Closed netique closed 1 year ago

netique commented 1 year ago

I have a model where every single item has 2 non-zero slopes. It is considered as complex and coef(model, IRTpars = TRUE) issues an error. However, model given in the example in ?mirt (see the details below for the code), where only one item has 2 non-zero slopes, it returns the coefs without hesitation. In the source code, its apparent that a model has to have at least one simple-structure item in order to parameters to be transformed. Is that intentional? Why is that so?

Details

```r #simulate data a <- matrix(c( 1.5,NA, 0.5,NA, 1.0,NA, 1.0,0.5, NA,1.5, NA,0.5, NA,1.0, NA,1.0),ncol=2,byrow=TRUE) d <- matrix(c( -1.0,NA,NA, -1.5,NA,NA, 1.5,NA,NA, 0.0,NA,NA, 3.0,2.0,-0.5, 2.5,1.0,-1, 2.0,0.0,NA, 1.0,NA,NA),ncol=3,byrow=TRUE) sigma <- diag(2) sigma[1,2] <- sigma[2,1] <- .4 items <- c(rep('2PL',4), rep('graded',3), '2PL') dataset <- simdata(a,d,2000,items,sigma) #analyses #CIFA for 2 factor crossed structure model.1 <- ' F1 = 1-4 F2 = 4-8 COV = F1*F2' #compute model, and use parallel computation of the log-likelihood if(interactive()) mirtCluster() mod1 <- mirt(dataset, model.1, method = 'MHRM') ```

philchalmers commented 1 year ago

This is intentional. It's to let users know that their model does not have any classical parameterization due to lack of simple structures. If one or more items can be transformed, however, then the output returns the transformation for the given item; otherwise, the slope-intercept form is retained. Though I agree an error message is perhaps the wrong intensity. I'll switch this to a warning instead.
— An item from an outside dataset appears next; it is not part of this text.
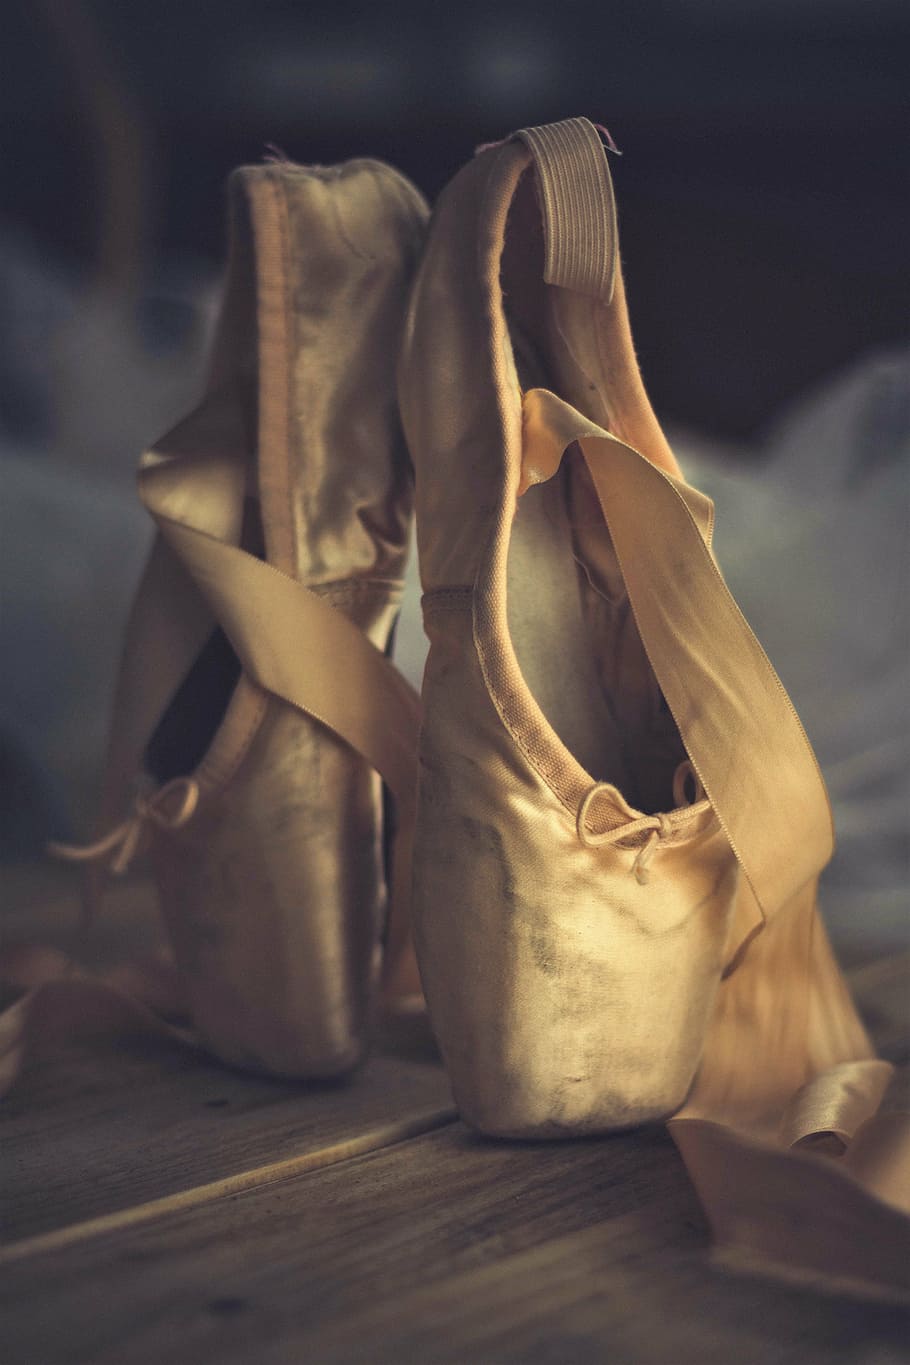 pair, ballet shoes, slipper, dance, ballet, foot, classical, dancing, dancer, ballet dancer
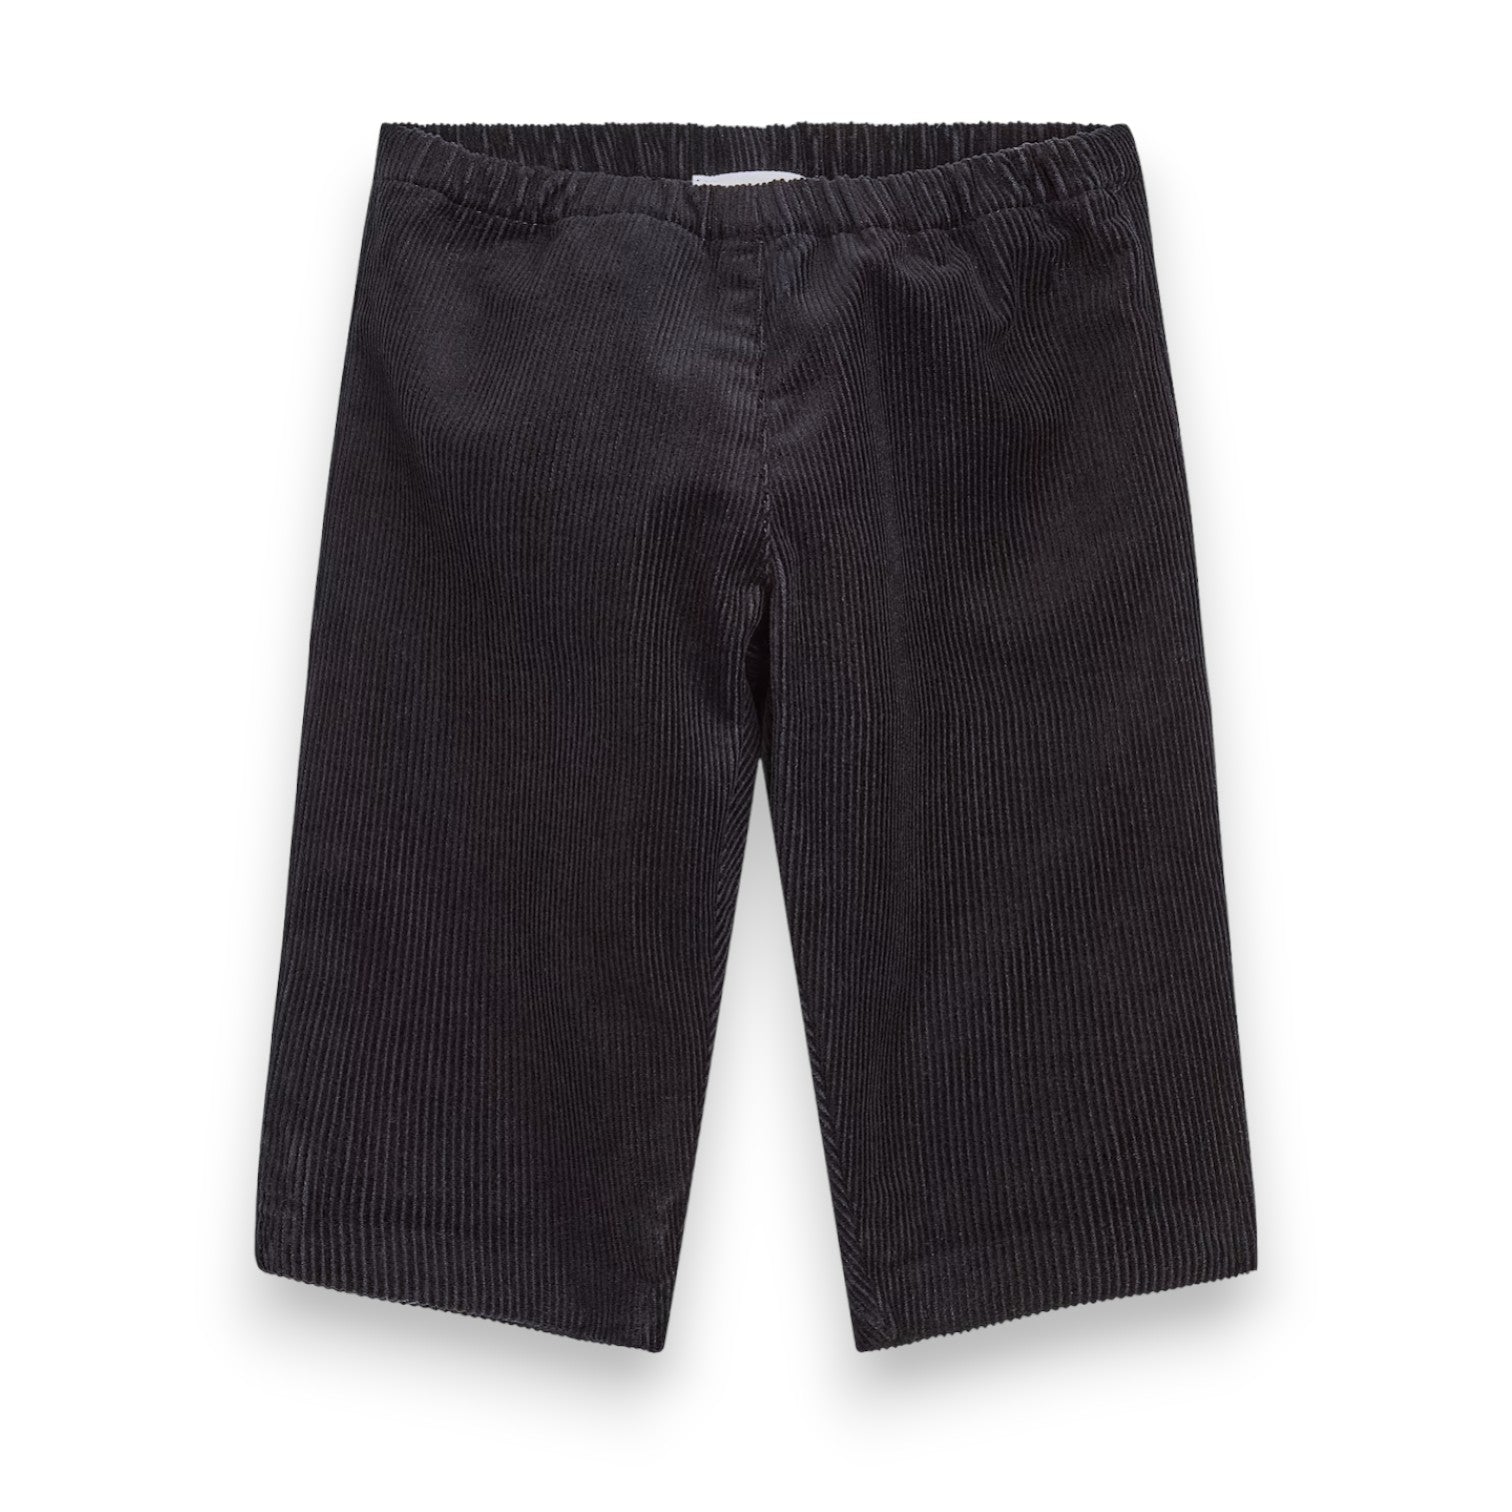 BONPOINT X KHAITE - Pantalon noir en velours (neuf) - 2 ans

netique commented 1 year ago

Since I didn't compare the coefs for the example model with and without IRTpars = TRUE I didn’t notice that complex-structure items are left untransformed. Switching to warning is welcomed for me. Maybe I would further refine the message in a way to stress that the original parameters are returned for complex-structure items, so people don’t mistakingly assume that any transformation took place (but, well, they would have to notice at some point). Maybe this could generalize to models with any non-zero number of complex-structure items pointing out that some items were left untransformed.